4.3.3.3. Wearable device. Biophotonic materials offer a transformative approach for the next generation of wearable health devices due to their unique optical and physical properties. These materials enable highly sensitive and rapid monitoring, support the simultaneous tracking of multiple health signals, and are less susceptible to electromagnetic interference compared to traditional electrically based wearable devices. Additionally, they facilitate non-invasive health monitoring. Technological advancements critical to enabling continuous health monitoring include the development of highly flexible and biocompatible materials (e.g., polydimethylsiloxane (PDMS), polyurethane (PU), graphene, molybdenum disulfide (MoS2)), integration of nanoscale optical sensors capable of functioning under dynamic physiological conditions, and incorporation of self-powered systems through mechanisms like solar energy harvesting. These features enhance comfort, long-term wearability, and uninterrupted data collection. Despite their advantages, biophotonic materials also face certain limitations compared to conventional electronic materials. These include higher production costs, complex manufacturing processes, and sensitivity to environmental factors such as variations in ambient light and the opacity of biological tissues. Additionally, ensuring reliable data transmission, device miniaturization, and compatible integration with existing digital health platforms remains a key challenge.231

This section presents examples of innovative applications involving the integration of biophotonic materials into wearable devices. Using biophotonic materials in wearable devices introduces innovative and valuable properties for medical applications. Transparency, defogging functionality, and self-healing are beneficial features that increase the efficiency of light-responsive wearable devices. These features enhance optical clarity, prevent fog formation on optical surfaces, and reduce the need for frequent replacements. For instance, a wearable composite film was fabricated in a study with the capability of efficient photothermal healing. This transparent composite film was composed of plasmonic Ag NPs embedded in covalent-organic framework (COF) nanosheets and exhibited defogging functionality.

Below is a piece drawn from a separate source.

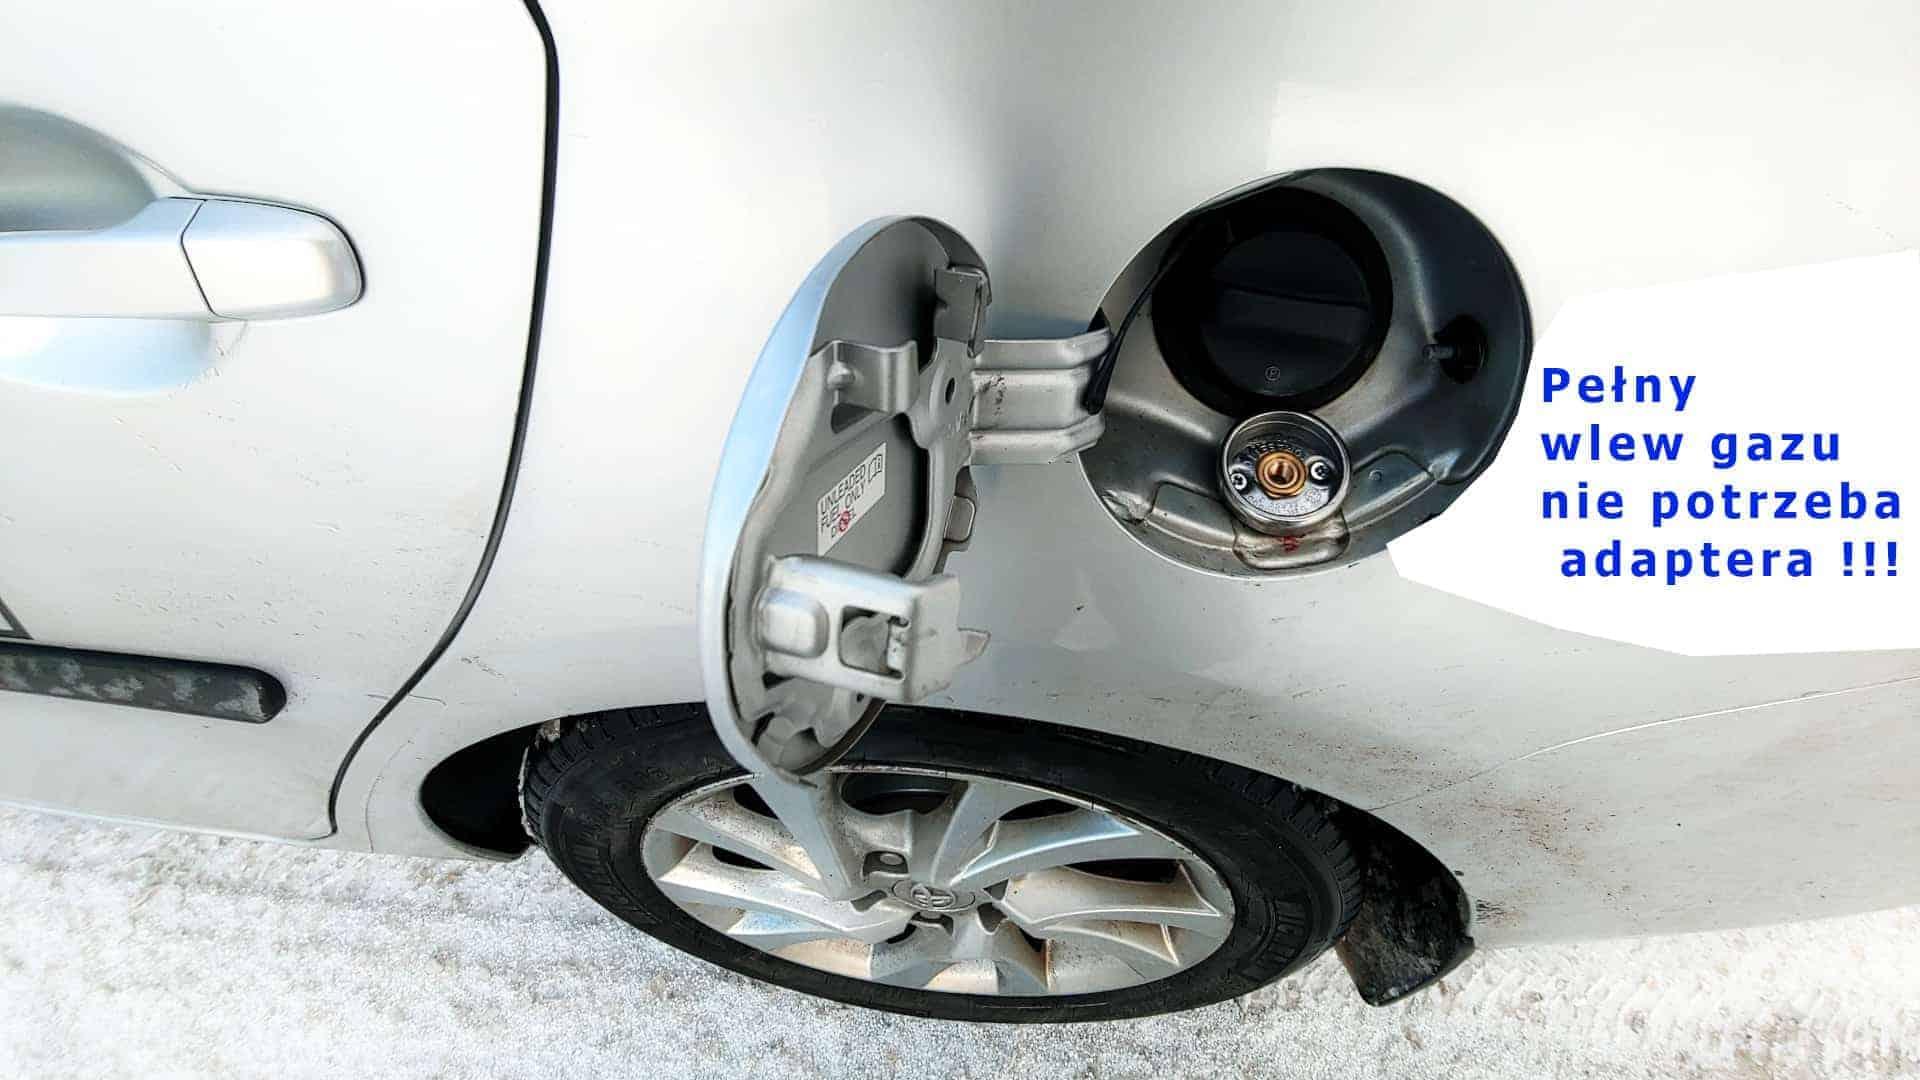 wlew gazu pod klapką benzyny Toyota Auris Hybrid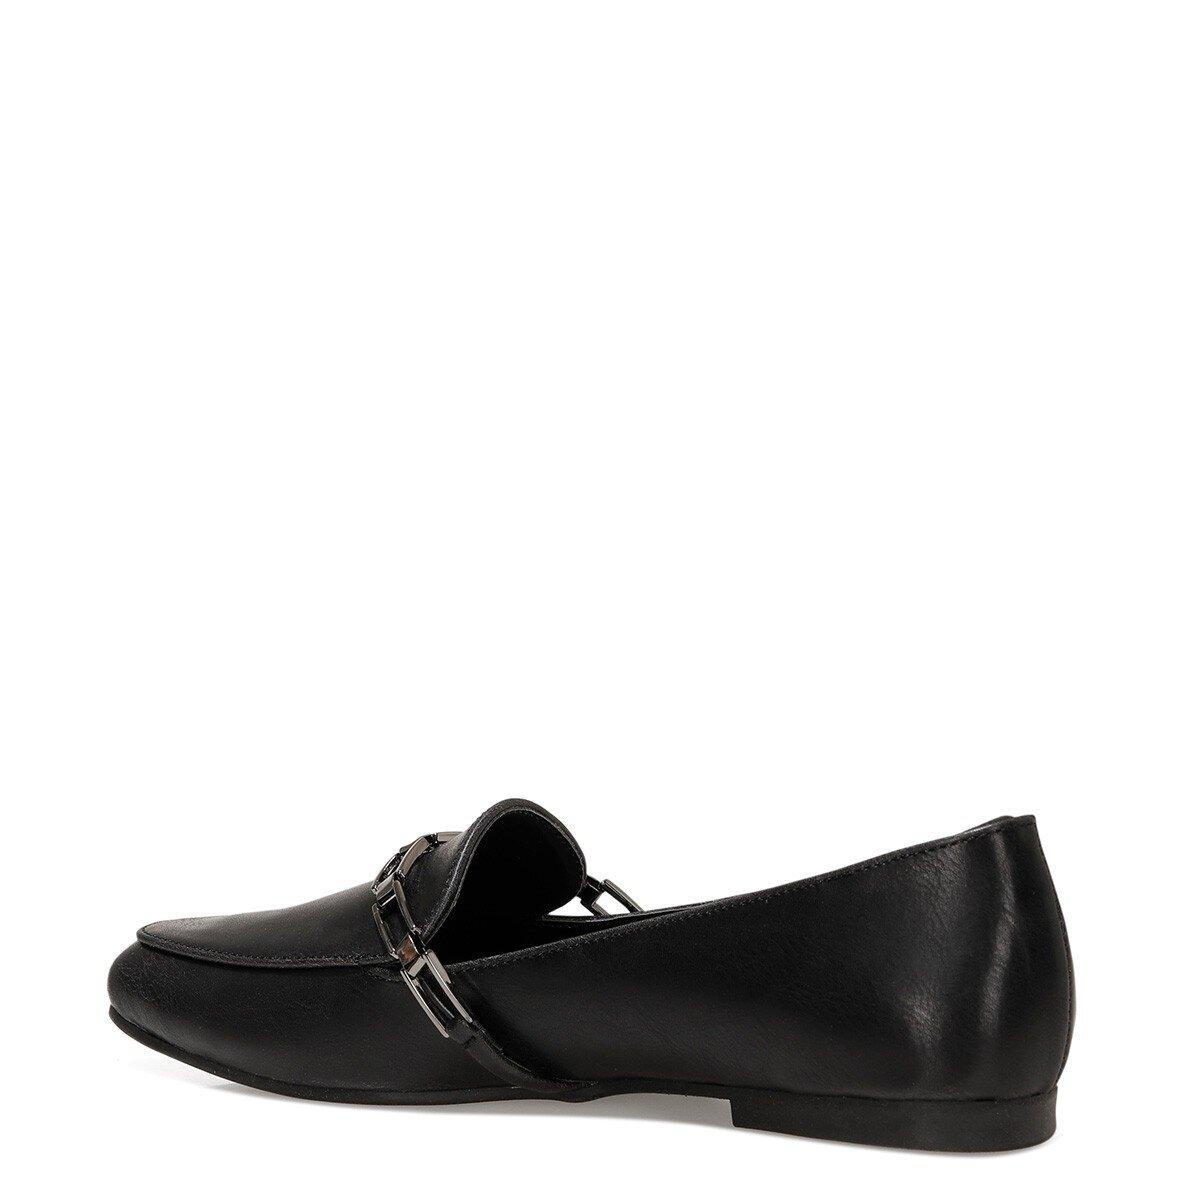 GENDAR 1FX Siyah Kadın Loafer

The composite film was then integrated into a waterborne elastic polyurethane (PU) matrix. By integrating AgNPs, with strong plasmonic properties, and COFs, as photothermal agents, the researchers achieved a synergistic photothermal effect, resulting in a rapid temperature increase to 80 °C under NIR irradiation. This localized temperature rise enabled efficient self-healing, with a recovery rate exceeding 98%. Additionally, after 12 h of NIR irradiation, the composite film maintained a high transmittance of 96.2%. The composite film was successfully tested on human skin, confirming its practical potential as a transparent, self-healing, defogging, and solar-powered wearable material.232

Integrating biophotonic materials with wearable electronics also offers a promising approach for developing patient-friendly diagnostic tools. This led to the fabrication of a wearable on-eye contact lens system via embedding ultrathin organic light-emitting diodes (OLEDs) into contact lenses for electroretinography (ERG), aimed at diagnosing retinal diseases. The OLED was encapsulated within a dual two-dyad multilayer structure to ensure both durability and biocompatibility. This system incorporated wireless power transfer operating at a resonance frequency of 433 MHz, enabling smartphone-controlled energy delivery. Preclinical testing on rabbits demonstrated that the device could generate a robust ERG signal of approximately 60 μV during 10 Hz flicker stimulation at a luminance of 126 nits. By integrating biophotonic components into a wearable medical platform, this system provided a portable, point-of-care solution for retinal diagnostics.233

5 Challenges

Despite the tremendous advancements in biophotonic nanostructures, several technical, material, and translational challenges exist that hinder their full potential in biomedical and industrial applications. These challenges range from issues in material compatibility and device fabrication to integration with complex biological systems and scalability for clinical translation. Addressing these challenges needs a multidisciplinary approach combining innovations in material science, engineering, and biology, alongside advancements in fabrication techniques and regulatory frameworks.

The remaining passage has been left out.